街道は整備されており、歩きやすい。両側に広がる草原では、牧羊犬が羊たちを上手に誘導している光景が見える。のどかな風景に、トウマの心も軽やかになっていた。
「いい天気だな」
青空に浮かぶ雲を見上げながら、トウマは足を進めた。王都までは三日ほどの道のりだが、急ぐ旅でもない。のんびりと歩を進めていこう。
歩き始めて二時間ほど経った頃、街道脇の森から奇妙な音が聞こえてきた。
カンカンカン、カンカンカン……
「鍛冶の音?こんなところで?」
トウマは足を止めて耳を澄ませた。確かに金属を叩く音だが、何かが違う。通常の鍛冶音とは異なる、リズミカルで音楽的な響きを持っていた。
カンカンカン、カン、カンカン……
まるで楽器を演奏しているような、規則的で美しいハーモニーが森の奥から聞こえてくる。
「面白そうじゃないか」
トウマは迷うことなく森へと足を向けた。街道から外れた獣道を進んでいくと、音はだんだんと大きくなっていく。そして、森の中に小さな集落があることを発見した。
「鍛冶師の村か?」
村には十数軒の家屋があり、そのほとんどから煙が立ち上っている。家々の前には鍛冶場が設けられており、複数の鍛冶師たちが作業に励んでいた。
しかし、彼らの作業は普通の鍛冶とは明らかに違っていた。一人一人が異なるリズムで槌を振るい、それが重なり合って美しい音楽を奏でているのだ。
「これは……すげぇな」
トウマは感嘆の声を上げた。
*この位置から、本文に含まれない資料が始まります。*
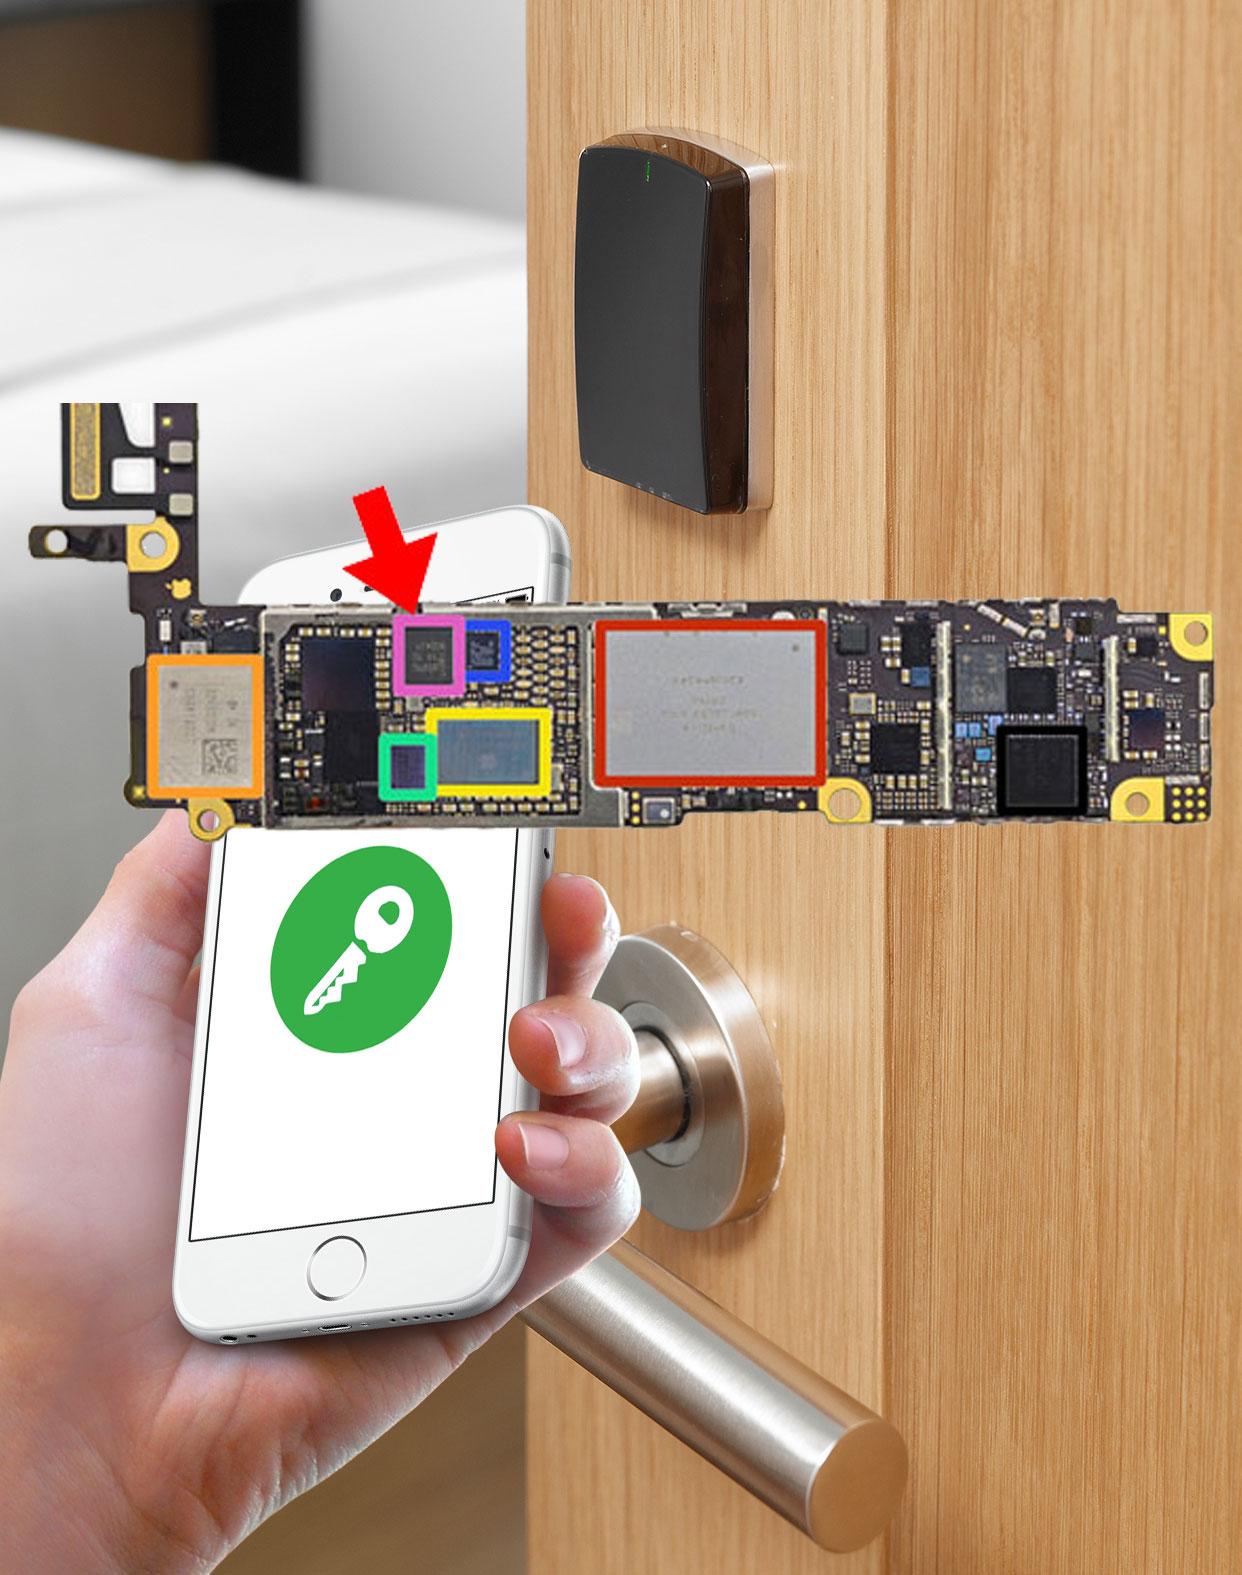 Chip NFC en el iPhone 6 para abrir la puerta de un hotel

鍛冶と音楽が融合した、芸術的な光景だった。
その時、村の入り口近くで作業していた中年の男性がトウマに気づいた。
「おや、旅人さんかい?」
男性は槌を置いて、汗をぬぐいながら近づいてくる。
「ああ、街道を歩いていたら面白い音が聞こえてきたんで、つい寄らせてもらった」
「面白い音、ねぇ」
男性は苦笑いを浮かべた。
「まぁ、珍しがられるのは慣れてるよ。俺たちは『歌う鍛冶師』って呼ばれてるからな」
「歌う鍛冶師?」
「ああ、この村の鍛冶師は皆、音楽に合わせて鍛冶をするのが伝統なんだ。代々受け継がれてきた技術でね」
男性の説明を聞きながら、トウマは周囲の作業風景を観察した。確かに、一人一人が独特のリズムで作業しているが、全体として調和のとれた音楽を創り出している。
「俺はトウマだ。冒険者をやってる」
「冒険者さんか。俺はガルス、この村の鍛冶師の一人だ」
ガルスと名乗った男性は、がっしりとした体格で、長年の鍛冶作業で鍛えられた筋肉が腕に浮かんでいる。
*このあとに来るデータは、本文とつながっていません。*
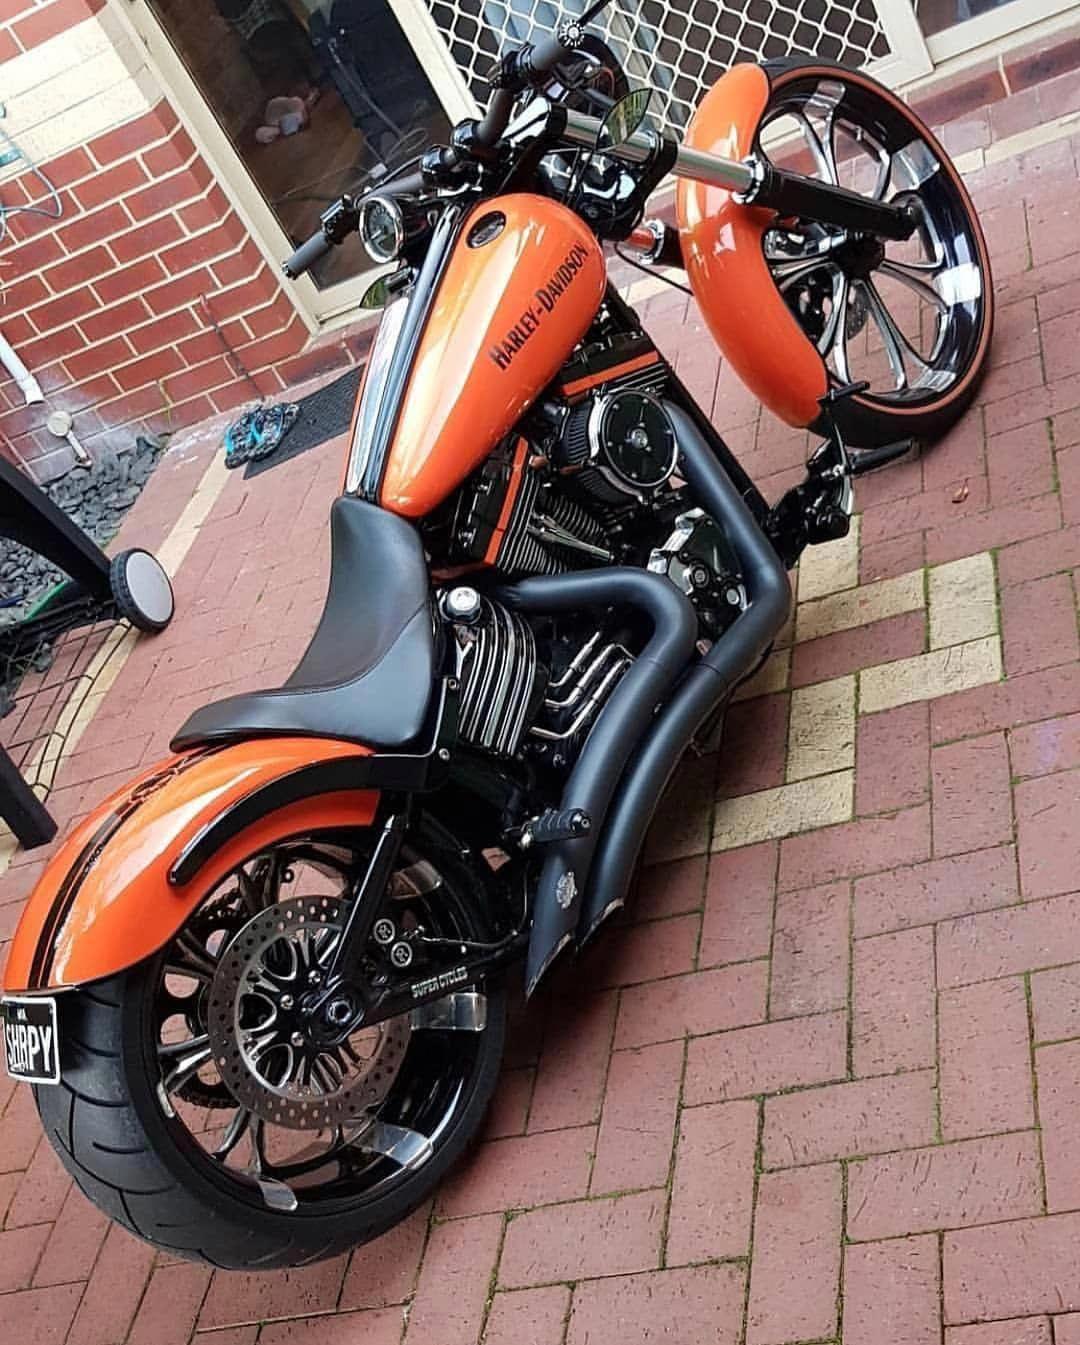 harley davidson softail for sale #Harleydavidsonsoftail

「それで、トウマさん。何か武器の修理でも必要かい?うちの村の鍛冶師たちの腕は確かだよ」
「いや、今は特に……」
トウマがそう答えかけた時、村の奥から激しい口論の声が聞こえてきた。
「だから言ってるだろう!その叩き方じゃダメなんだ!」
「うるさい!俺は俺のやり方でやる!」
ガルスの表情が曇った。
「またか……」
「何かあったのか?」
「実は、最近村で問題が起きててね。新しく来た鍛冶師が、伝統的な『歌う鍛冶』のやり方に従わないんだ」
ガルスは溜息をついた。
「その鍛冶師は腕は確かなんだが、一人だけ違うリズムで作業するもんだから、全体の調和が崩れてしまう。それで、他の鍛冶師たちとぶつかってばかりいるんだ」
なるほど、とトウマは納得した。音楽的な鍛冶において、一人だけ違うリズムで作業すれば、全体の調和が乱れるのは当然だろう。
「その鍛冶師はどうしてここに?」
「リカルドって若い奴なんだが、故郷の村が魔物の襲撃で壊滅してしまってね。技術を身につけるため、うちの村に弟子入りを申し込んできたんだ」
ガルスの声には同情の色が混じっていた。
「だから、村長も追い出すに追い出せなくて……でも、このままじゃ村の伝統が……」
口論の声がますます激しくなってきた。トウマは興味深そうにその方向を見つめる。
「ちょっと、様子を見てきても良いか?」
「ああ、構わないよ。ただし、あまり深入りしない方が良いかもしれない」
トウマはガルスの警告を聞きながらも、口論の声がする方向へと歩いていった。
村の中央近くにある大きな鍛冶場で、二人の男性が激しく言い合いをしていた。一人は五十代ほどの貫禄のある男性、もう一人は二十代前半の若い男性だった。
「リカルド、お前はこの村の伝統を理解していない!」
年上の男性が怒鳴る。
「伝統なんてクソくらえだ!俺は良い武器を作りたいだけだ!」
若い男性——リカルドが言い返した。
「良い武器?お前の作った剣を見たが、確かに切れ味は良い。だが、魂が込もっていない!」
「魂?そんな曖昧なものより、実用性の方が大事だろう!」
二人の間には、明らかに深い溝があった。トウマは少し離れた場所から、その様子を観察していた。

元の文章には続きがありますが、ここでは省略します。